WORK REQUIRED:
Would you write out each line of the material below exactly, skipping every picture?

DATA SEGMENT START

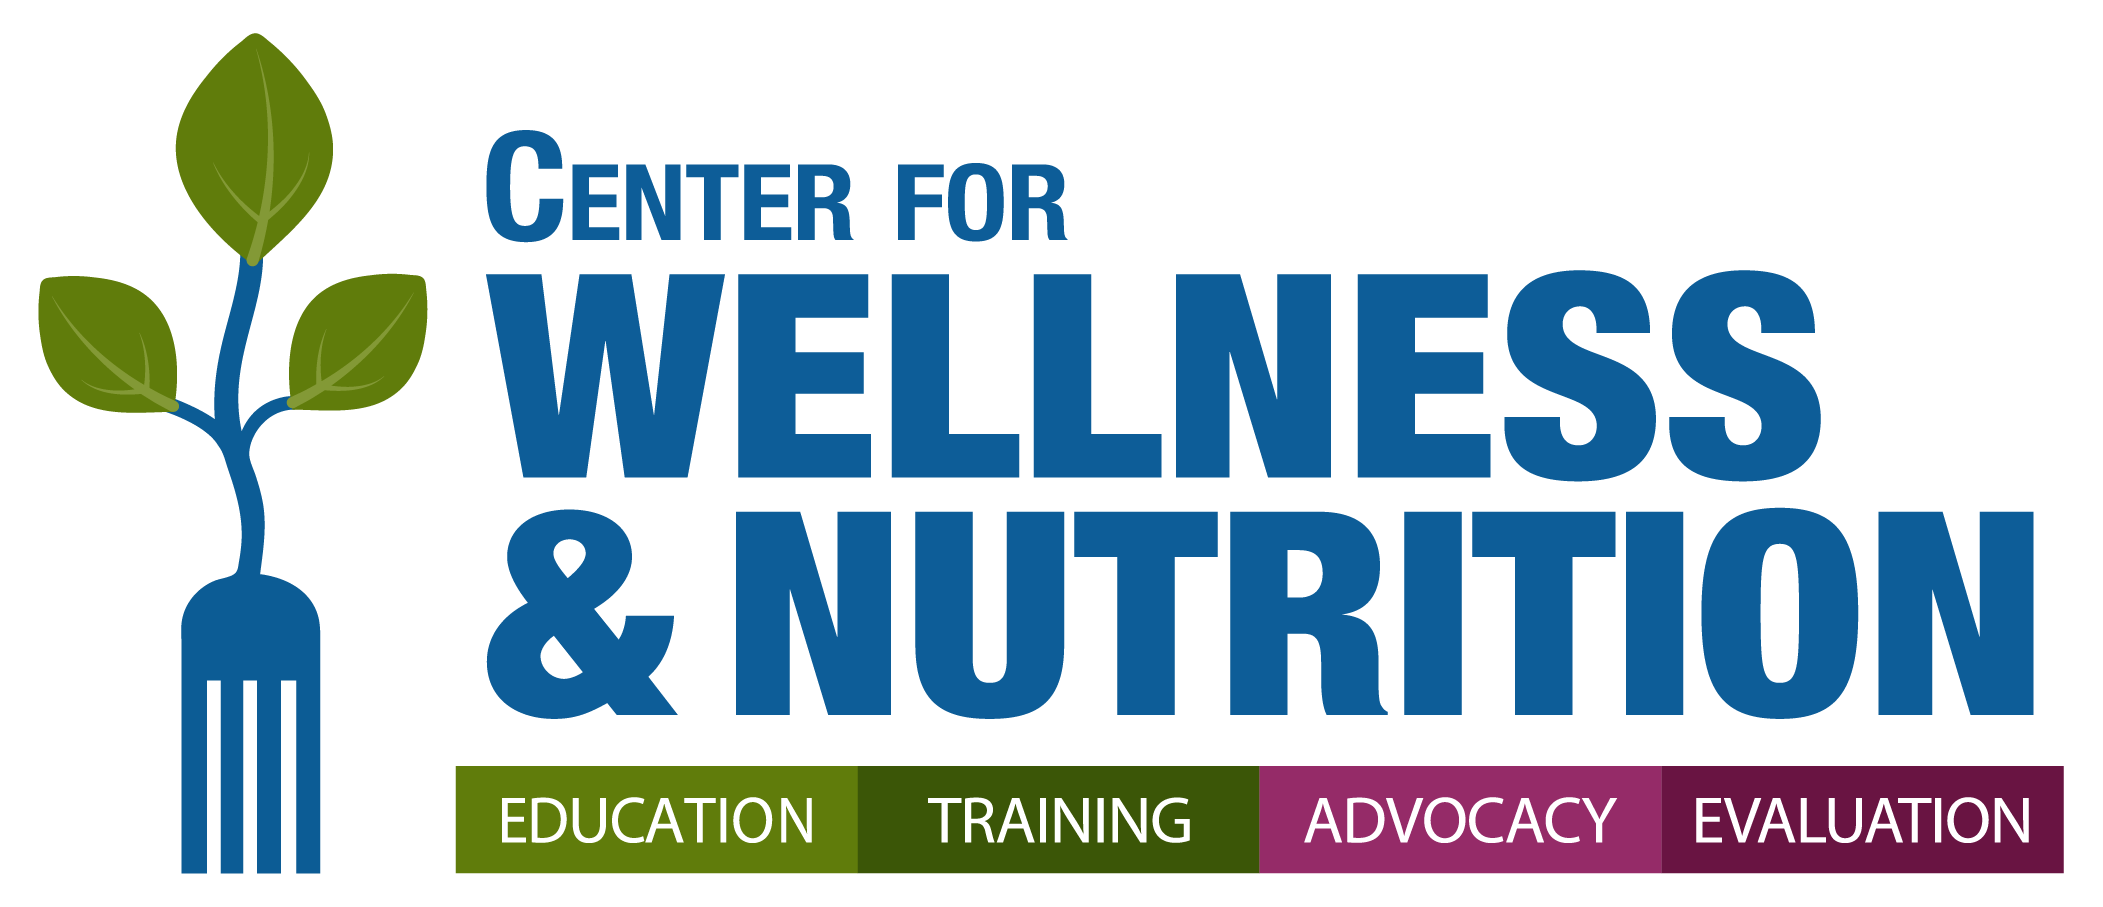 Center for Wellness & Nutrition
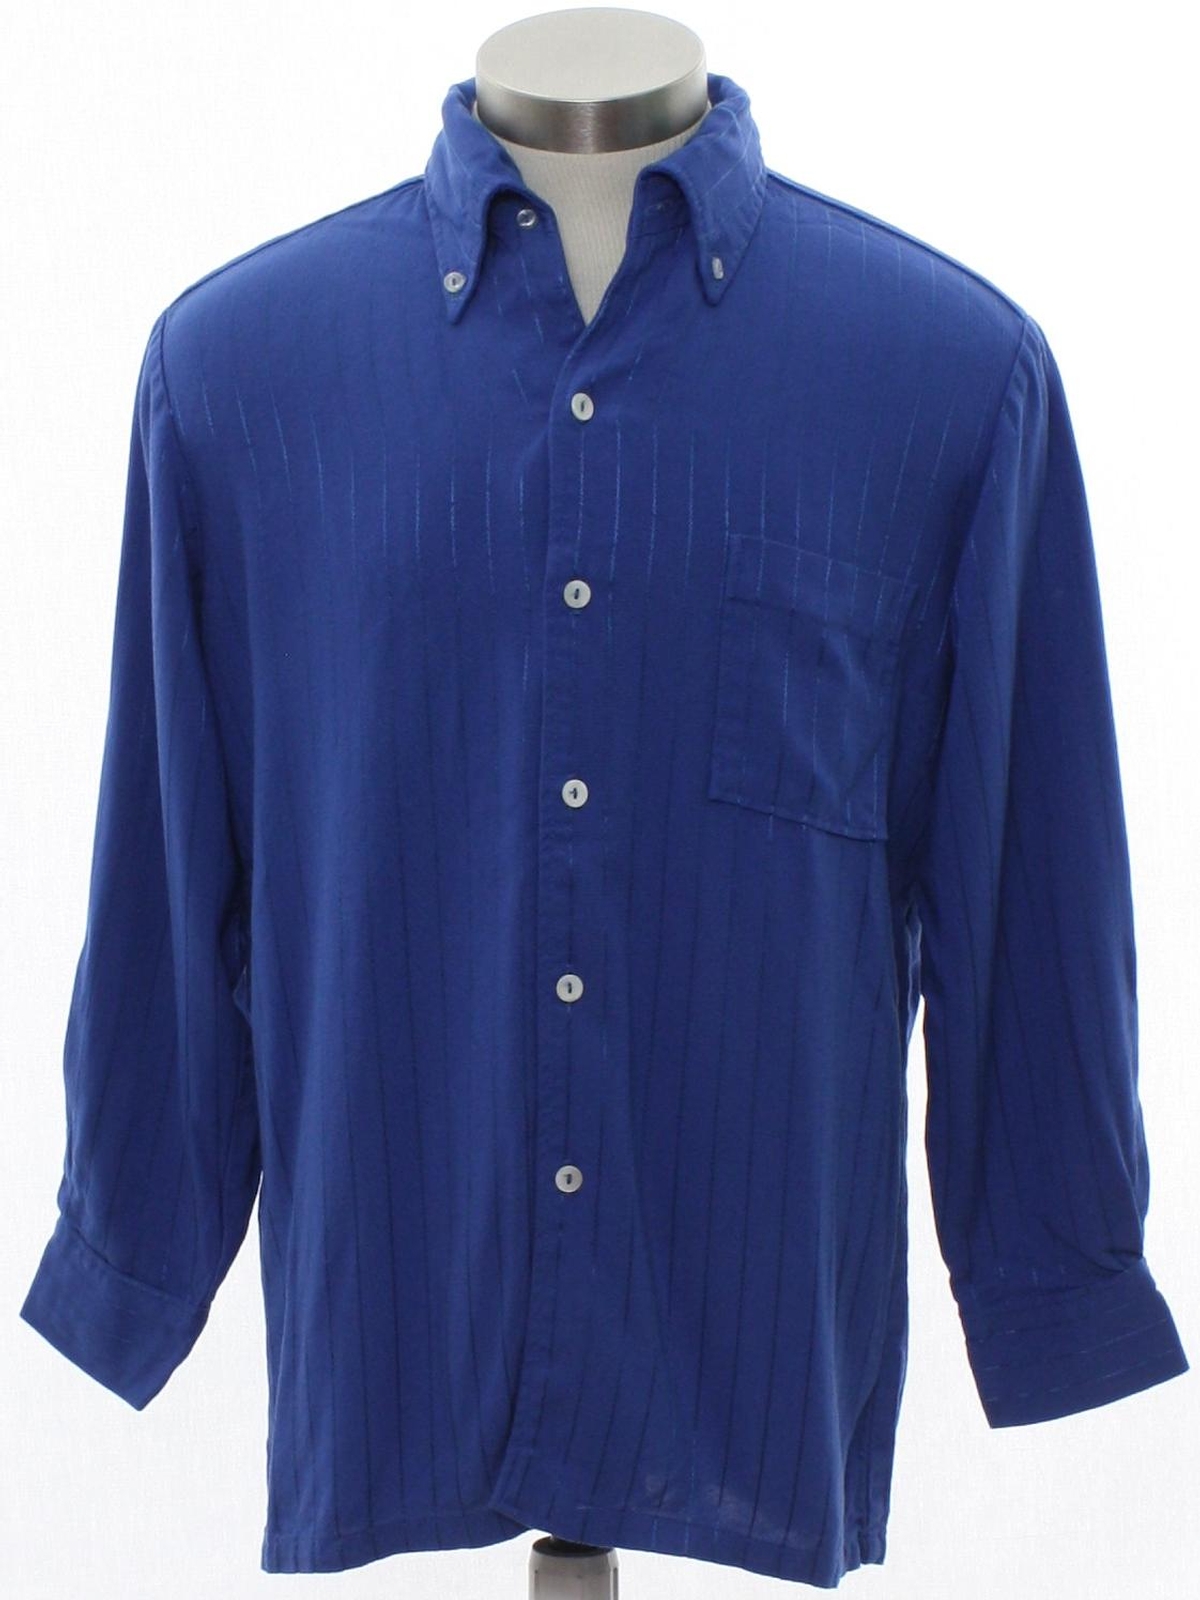 Retro Sixties Shirt: Late 60s or early 70s -Capri- Unisex Ladies or ...
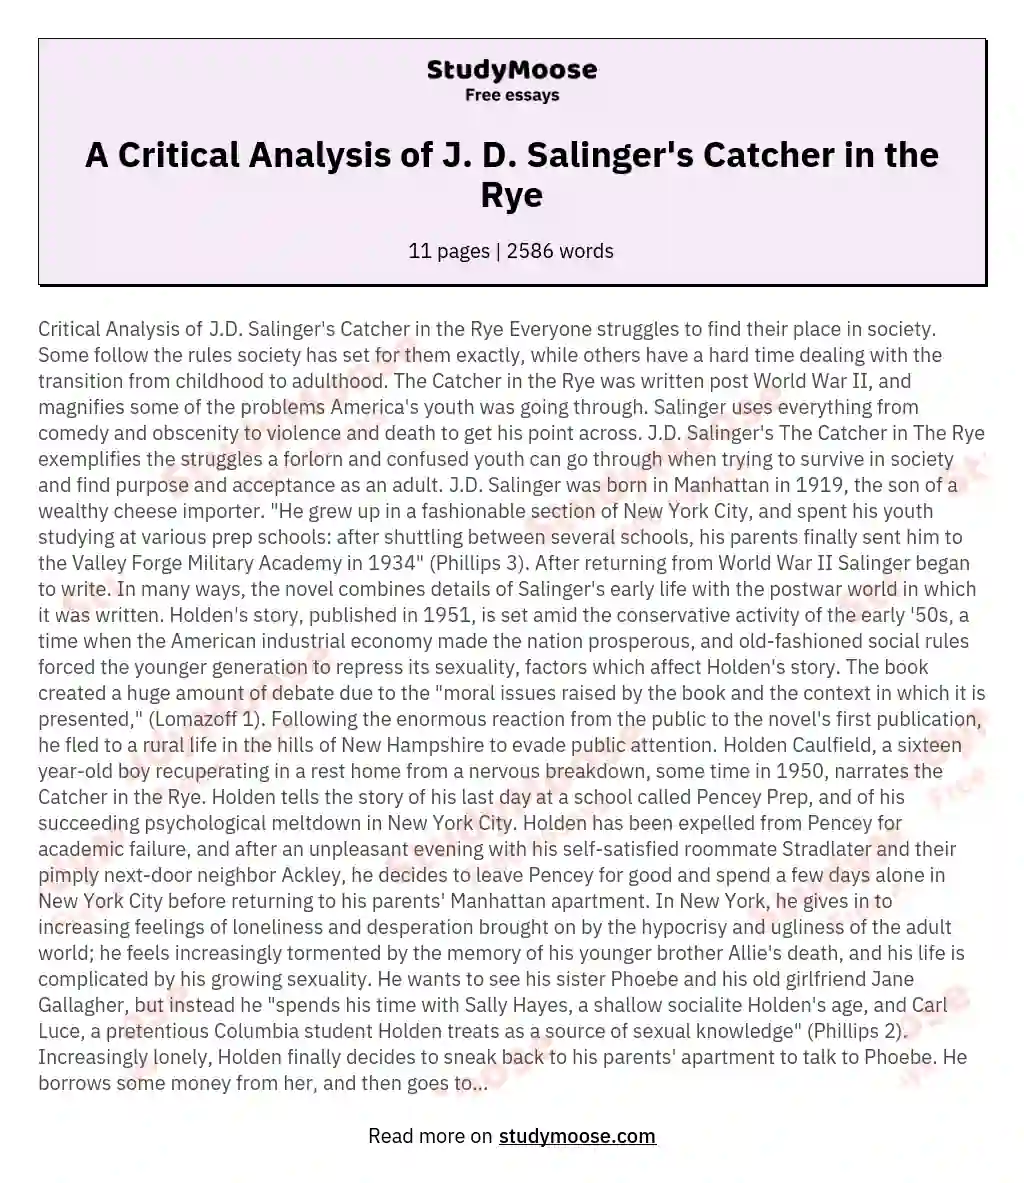 catcher in the rye analysis

DATA SEGMENT END

RESPONSE AREA:
 Center for Wellness & Nutrition
 Retro Sixties Shirt: Late 60s or early 70s -Capri- Unisex Ladies or ...
 catcher in the rye analysis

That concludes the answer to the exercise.